I'm using Elasticsearch to retrieve a few logs:
http:/localhost:9200/collection/_search?q=type:"log"
It brings me a few hits like this:
{
"_index": "collection",
"_type": "doc",
"_id": "UL878GMBYKUUOvfyQJWl",
"_score": 6.487114,
"_source": {
"@version": "1",
"type": "log",
"message": "64.242.88.10;[07/Mar/2004:16:11:58 -0800];"GET /twiki/bin/view/TWiki/WikiSyntax HTTP/1.1\"; 200 7352\r",
"@timestamp": "2018-06-11T19:03:23.163Z",
"host": "logstash",
"path": "/opt/access_log.log"
}
}
Each hit has a "message", that is like a line from a CSV "access_log.log".

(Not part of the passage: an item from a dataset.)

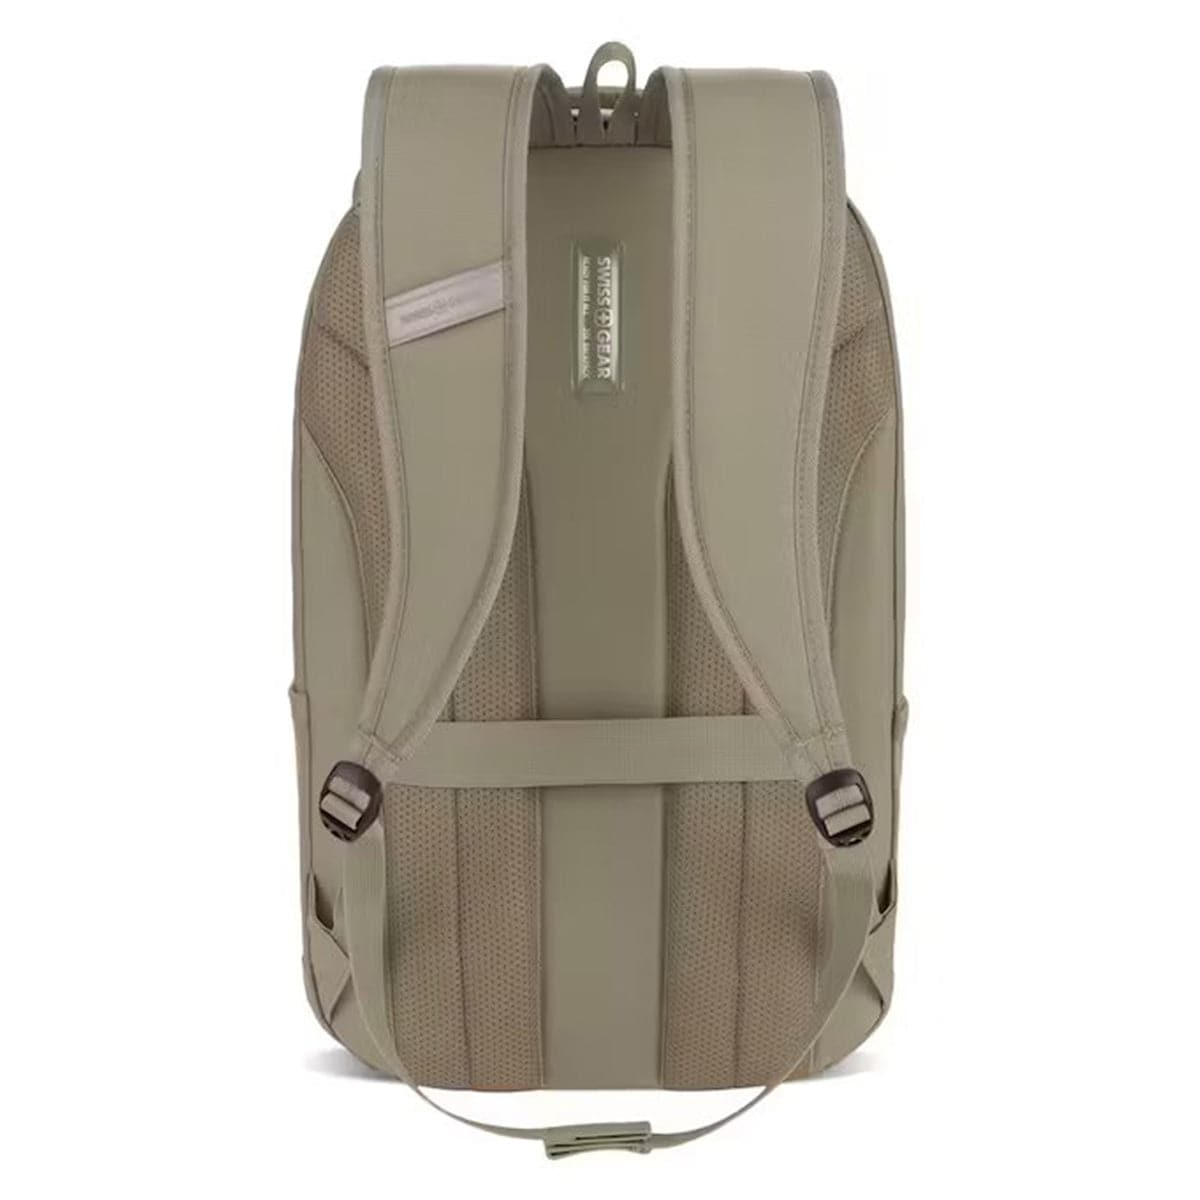 SwissGear 16" Laptop Backpack

But every info useful is inside "message" as only one big String. So I need to extract somehow to identify the server IP (64.242.88.10) for example.
How can I split this "message" string using ";" as regex so that I can get only the data I need?

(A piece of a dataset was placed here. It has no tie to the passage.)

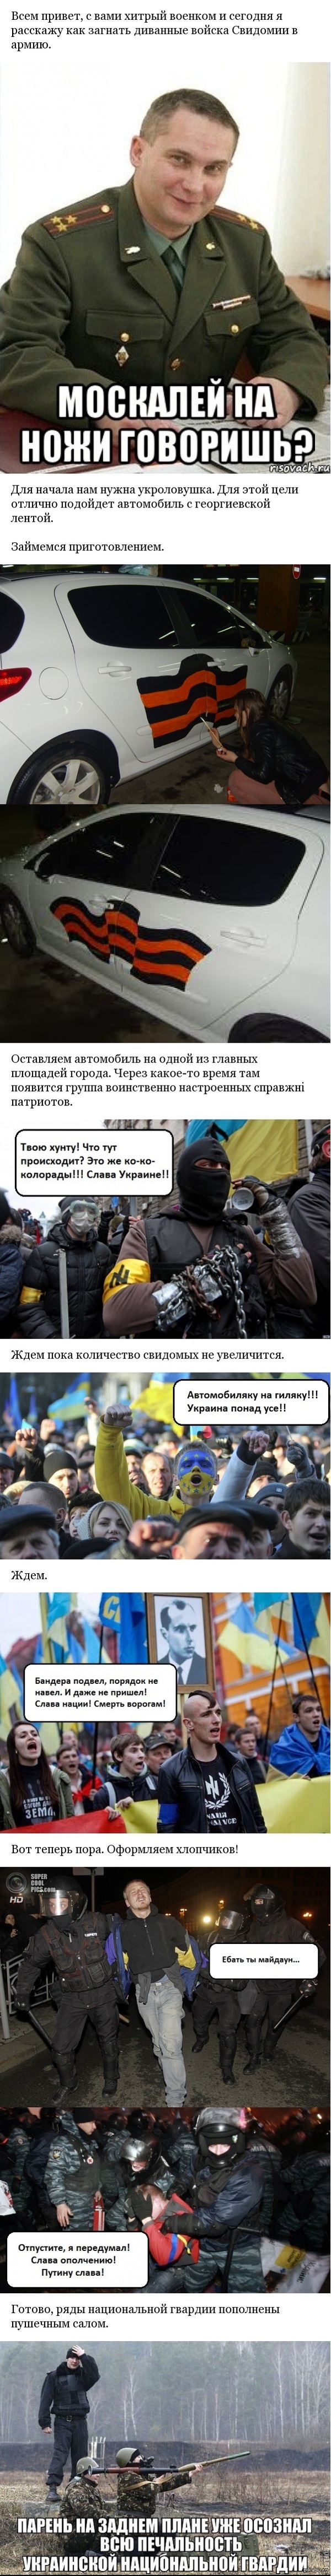         <a href="http://pikabu.ru/story/ideya_dlya_voenkomov_ukrainyi_2516076">http://pikabu.ru/story/_2516076</a>

You can use grok filter plugin for that.
Grok is a great way to parse unstructured log data into something structured and queryable.
This tool is perfect for syslog logs, apache and other webserver logs, mysql logs, and in general, any log format that is generally written for humans and not computer consumption.
Logstash ships with about 120 patterns by default. You can find them here: https://github.com/logstash-plugins/logstash-patterns-core/tree/master/patterns. You can add your own trivially. (See the patterns_dir setting)
If you need help building patterns to match your logs, you will find the http://grokdebug.herokuapp.com and http://grokconstructor.appspot.com/ applications quite useful!